● Action item: There are pictures in the records below; leave them out and set down exactly the lines from the one holding "Регулятор оборотов ТНВД Toyota 8925730060" through the one holding "Nálezy na terčích".

● Records supplied:

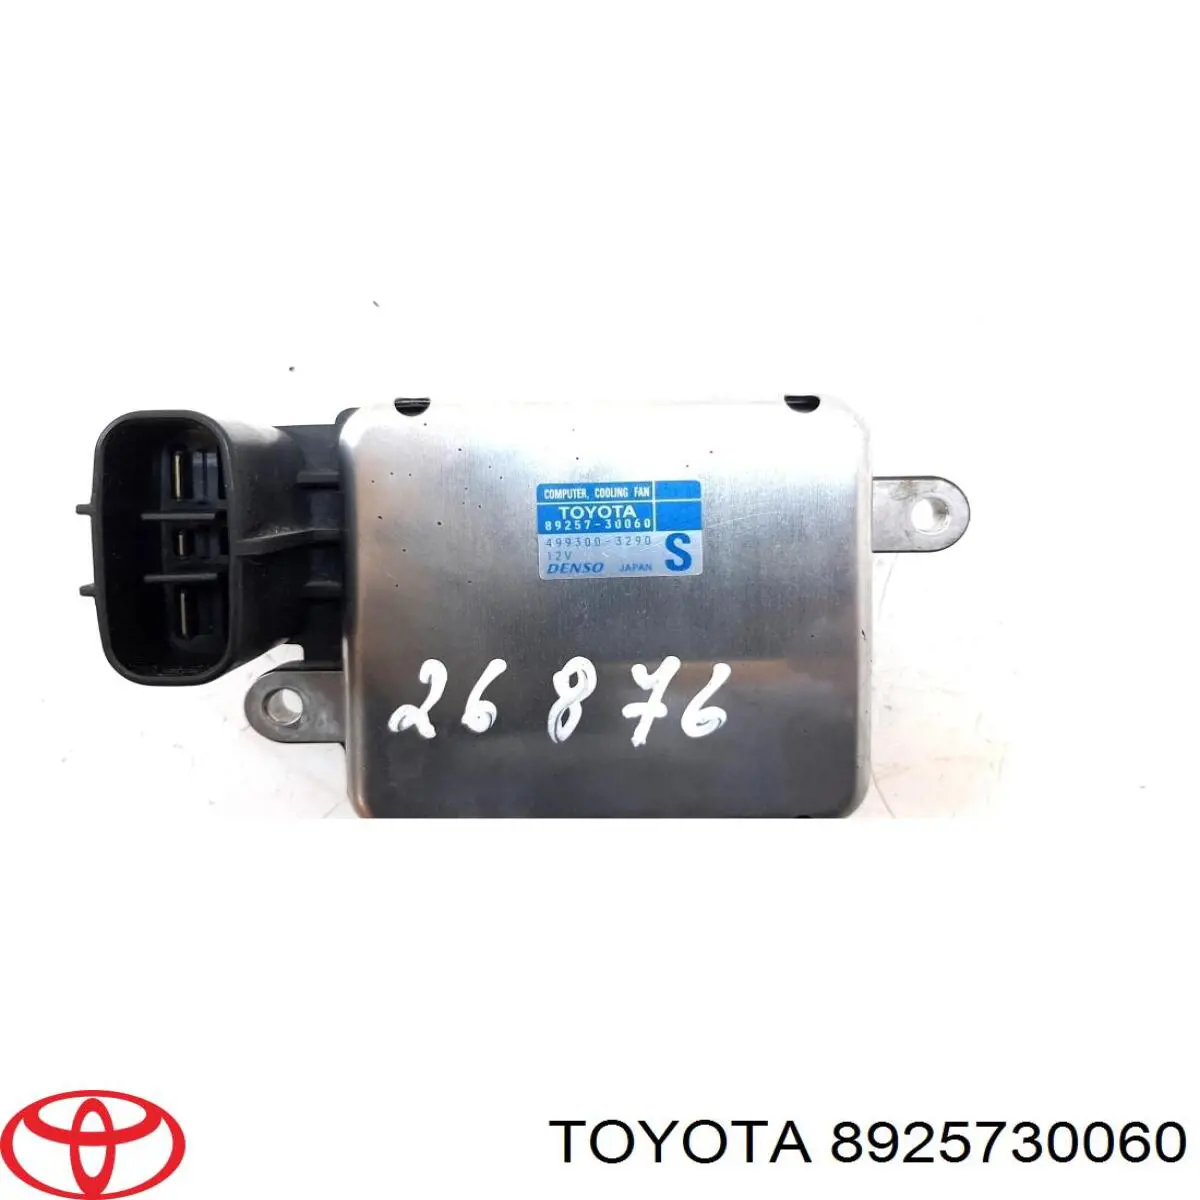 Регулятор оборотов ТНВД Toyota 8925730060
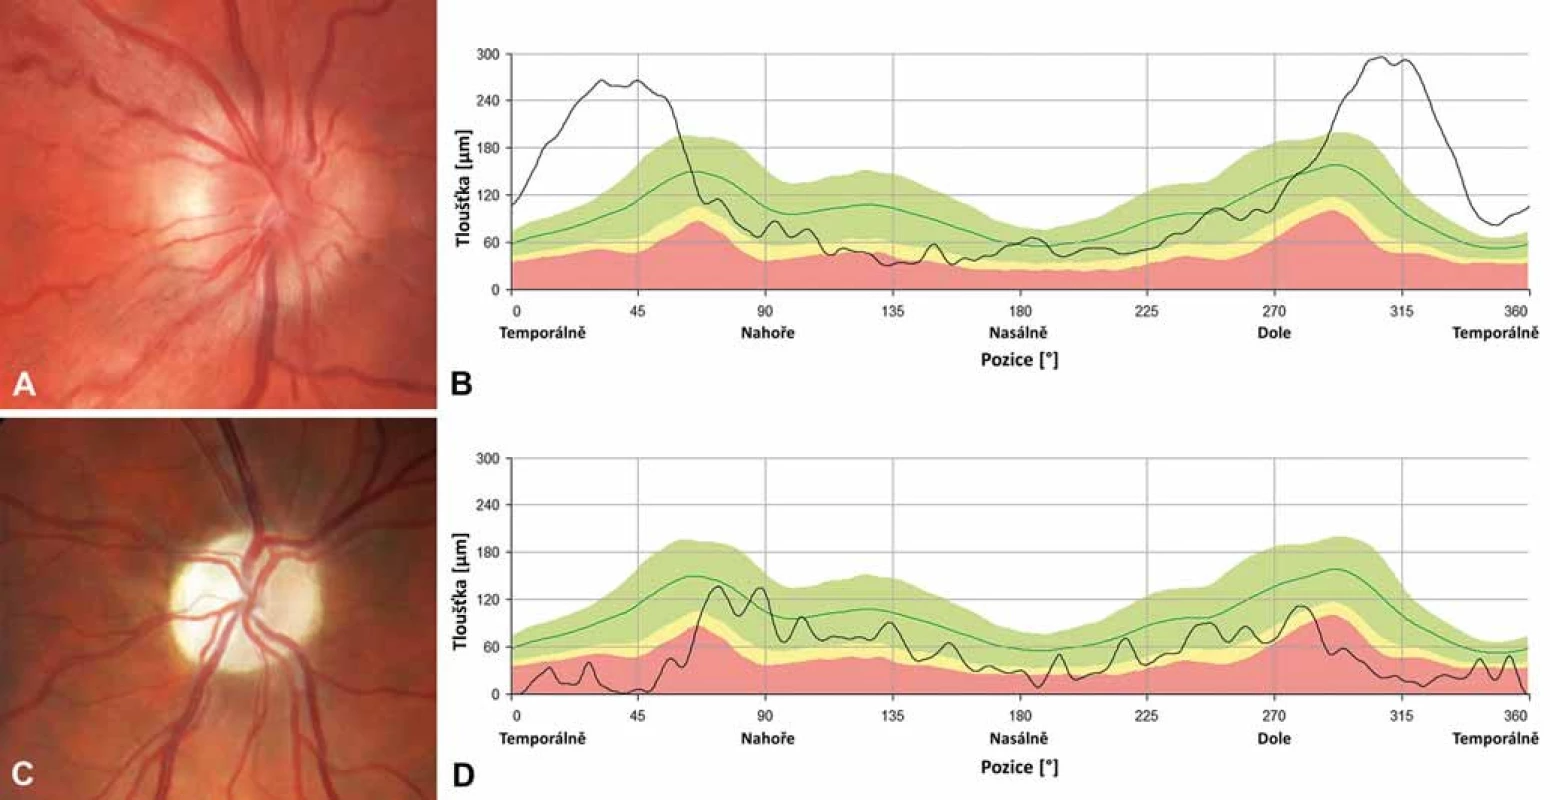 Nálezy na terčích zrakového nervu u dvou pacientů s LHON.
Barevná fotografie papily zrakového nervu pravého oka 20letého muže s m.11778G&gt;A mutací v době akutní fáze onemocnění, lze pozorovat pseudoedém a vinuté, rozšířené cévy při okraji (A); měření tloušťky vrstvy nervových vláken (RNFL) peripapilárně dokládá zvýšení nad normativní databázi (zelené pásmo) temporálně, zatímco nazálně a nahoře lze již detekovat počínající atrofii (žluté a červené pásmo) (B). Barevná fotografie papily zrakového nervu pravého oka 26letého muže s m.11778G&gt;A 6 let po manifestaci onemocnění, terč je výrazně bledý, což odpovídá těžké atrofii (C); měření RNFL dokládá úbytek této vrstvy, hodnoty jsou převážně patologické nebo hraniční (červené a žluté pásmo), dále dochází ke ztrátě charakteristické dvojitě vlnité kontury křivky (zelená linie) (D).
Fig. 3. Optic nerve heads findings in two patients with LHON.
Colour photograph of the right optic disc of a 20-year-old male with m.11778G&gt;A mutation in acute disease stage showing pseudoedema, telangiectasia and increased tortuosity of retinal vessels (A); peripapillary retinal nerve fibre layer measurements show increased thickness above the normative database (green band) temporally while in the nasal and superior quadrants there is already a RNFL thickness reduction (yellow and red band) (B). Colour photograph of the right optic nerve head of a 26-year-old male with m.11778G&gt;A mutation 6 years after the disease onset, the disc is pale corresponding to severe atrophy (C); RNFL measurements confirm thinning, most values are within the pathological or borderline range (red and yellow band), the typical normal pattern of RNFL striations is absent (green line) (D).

...

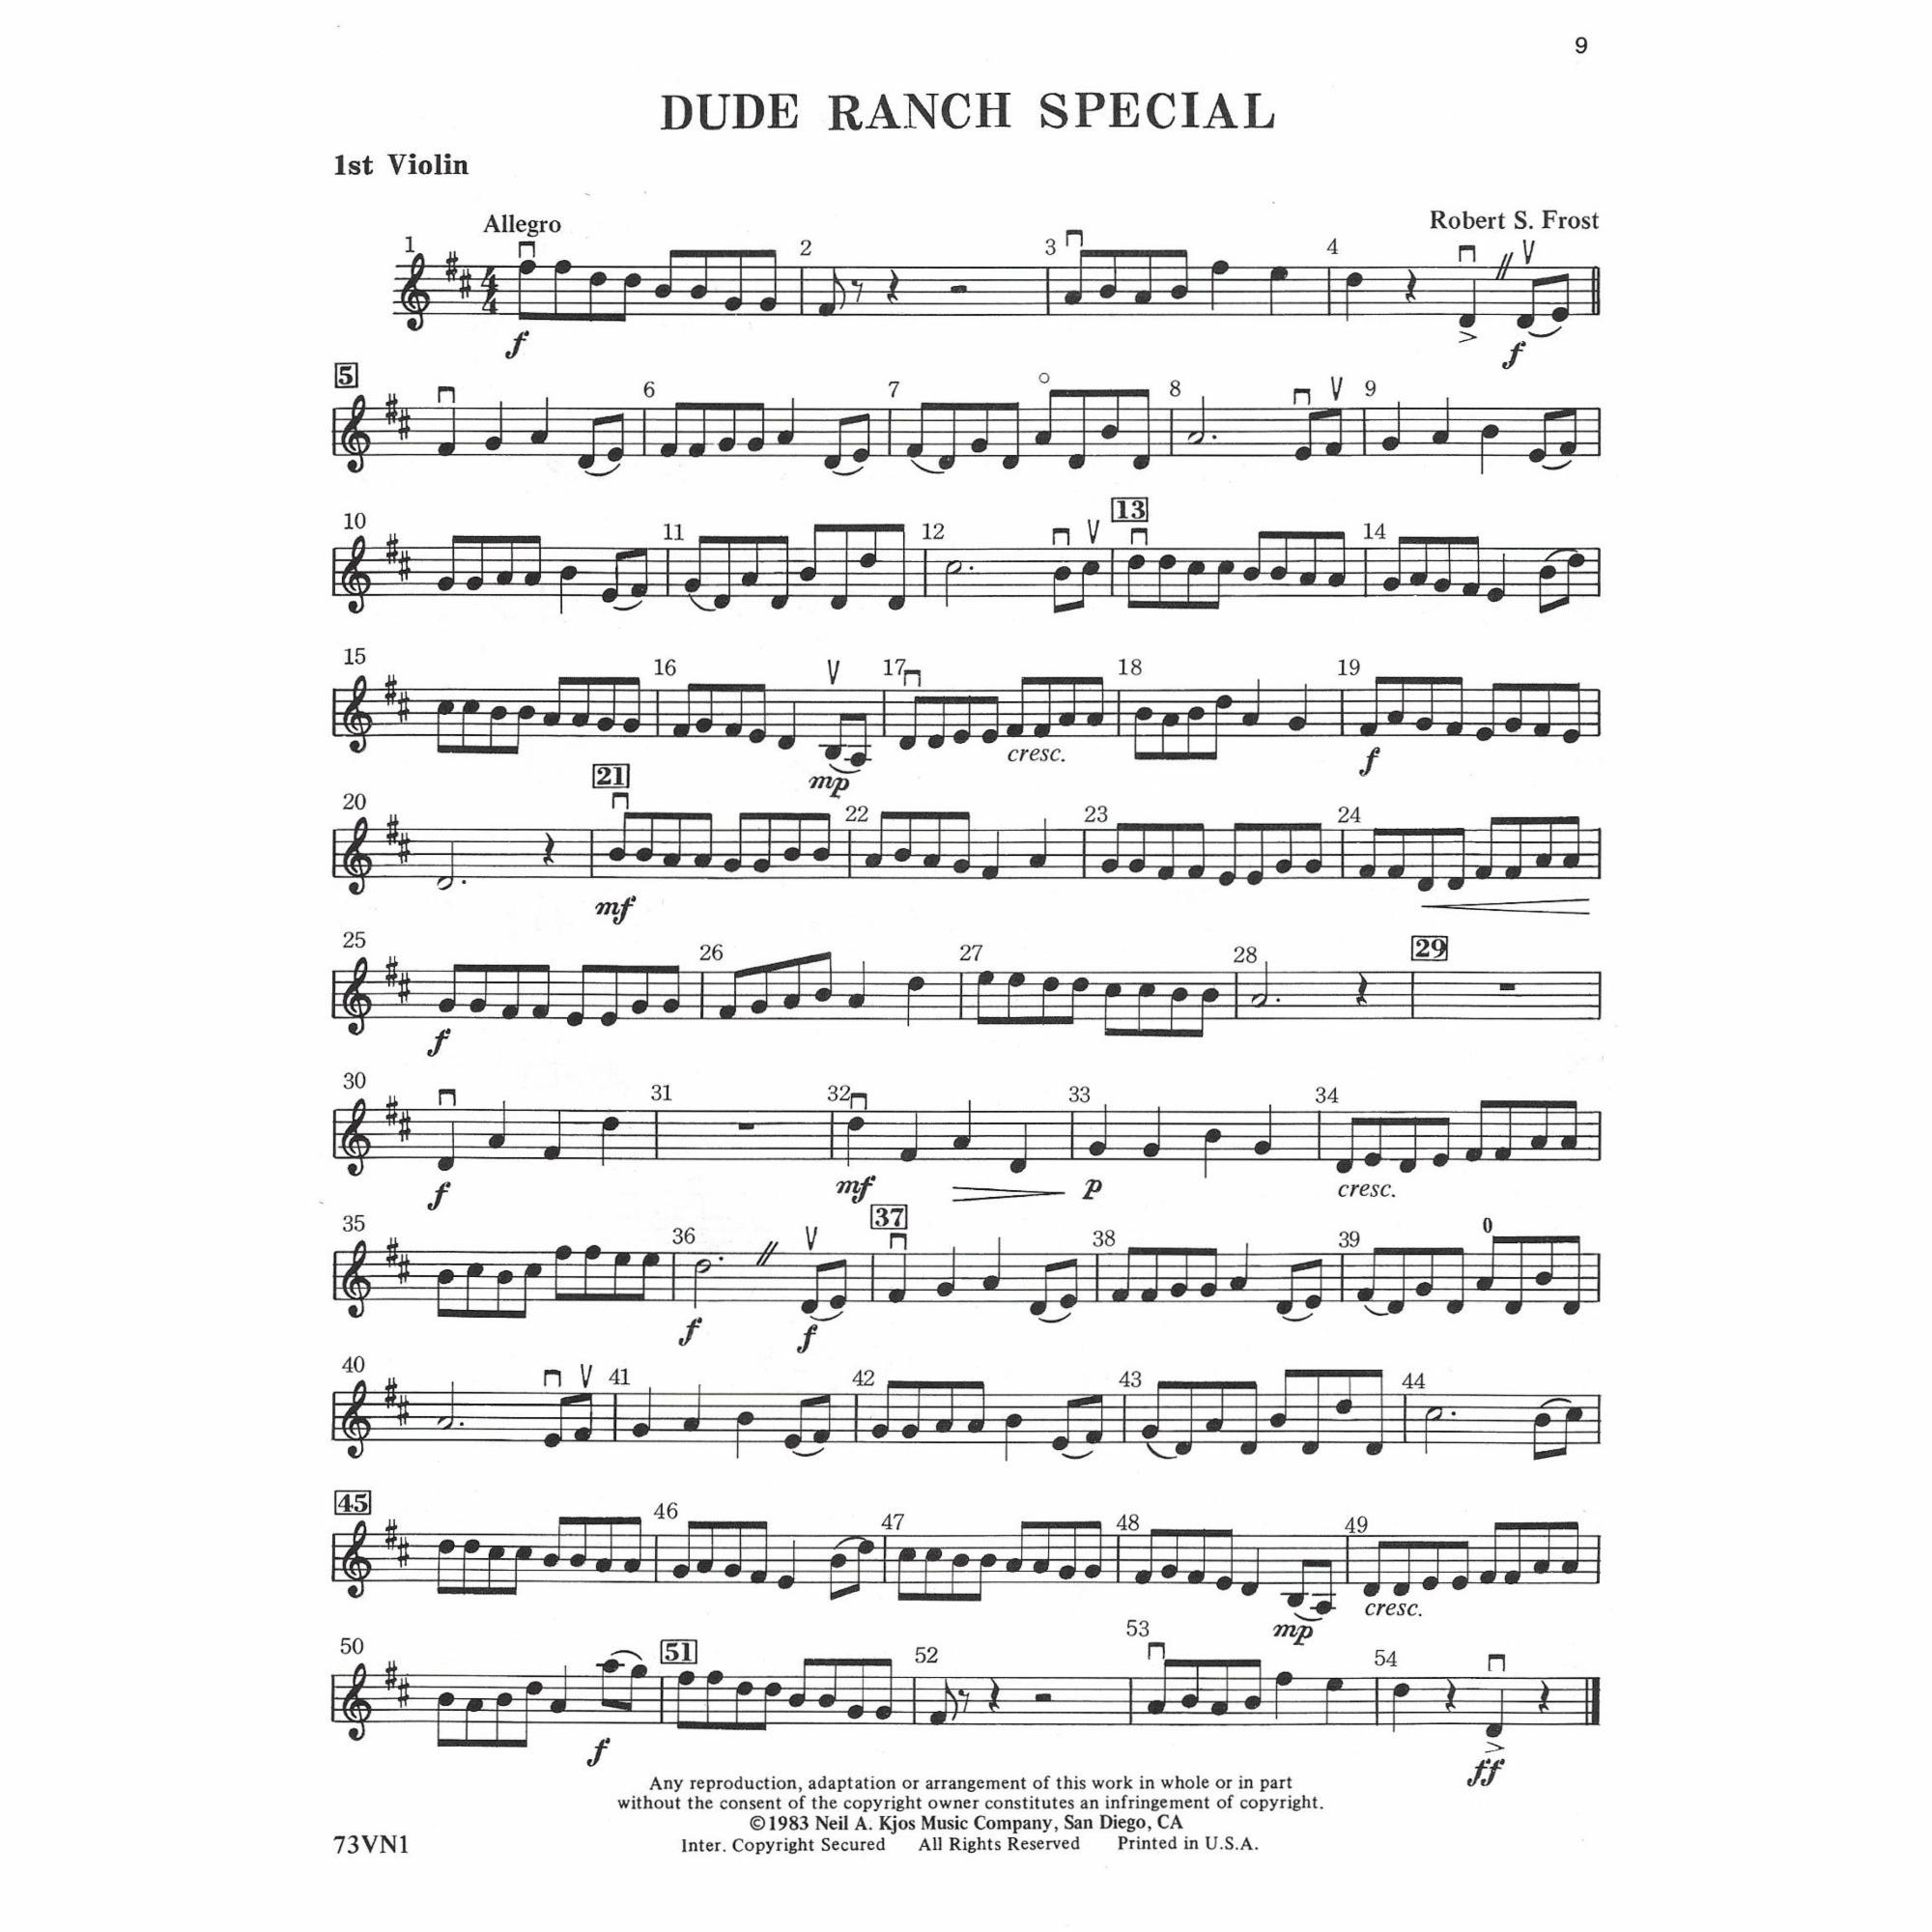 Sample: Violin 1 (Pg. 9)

...

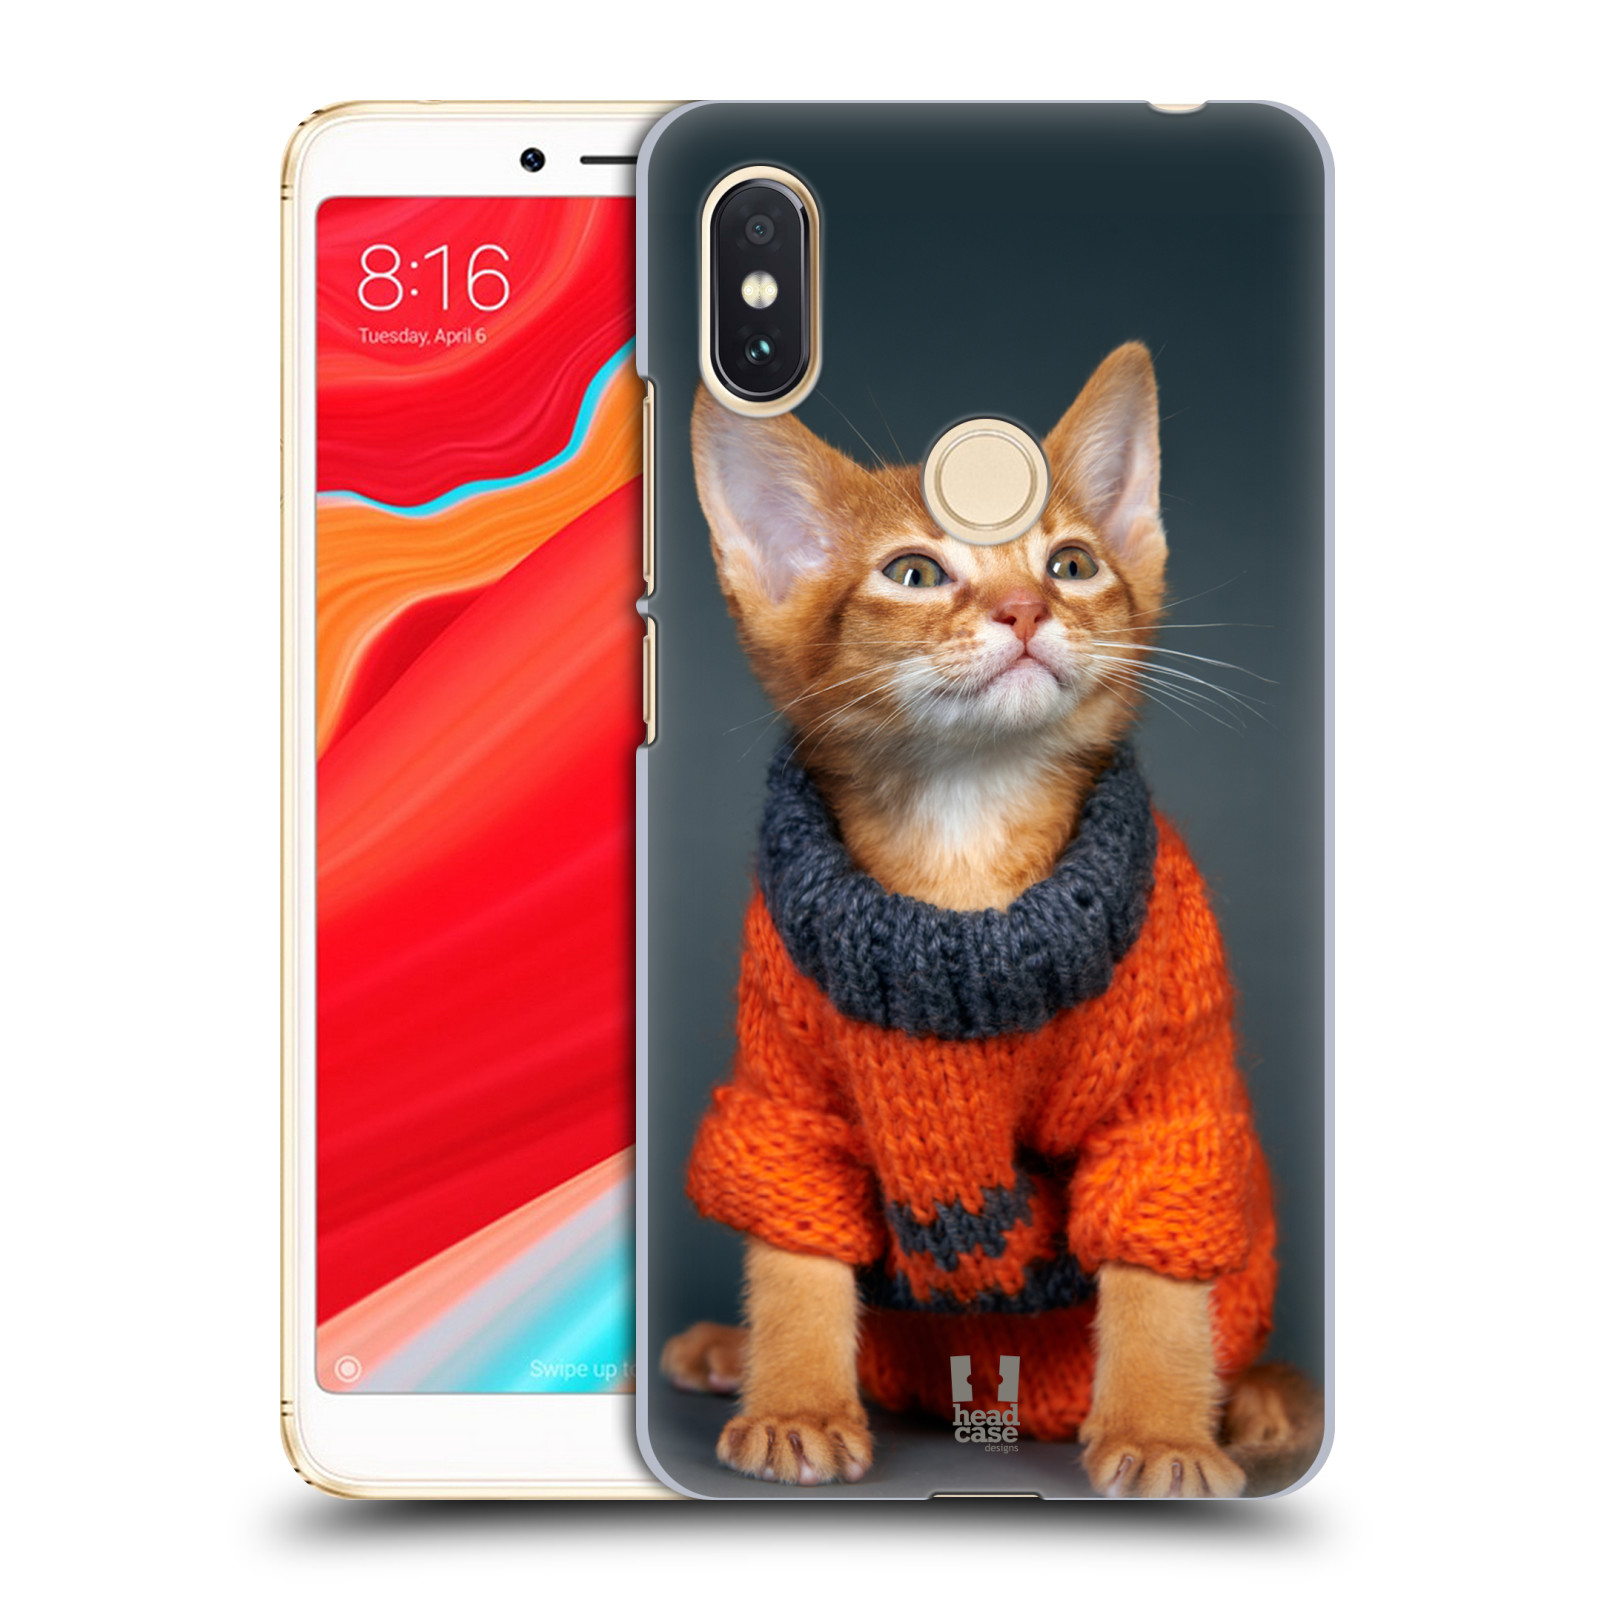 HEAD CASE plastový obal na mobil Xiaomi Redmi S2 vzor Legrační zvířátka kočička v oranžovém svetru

● Solution:
 Регулятор оборотов ТНВД Toyota 8925730060
 Nálezy na terčích zrakového nervu u dvou pacientů s LHON.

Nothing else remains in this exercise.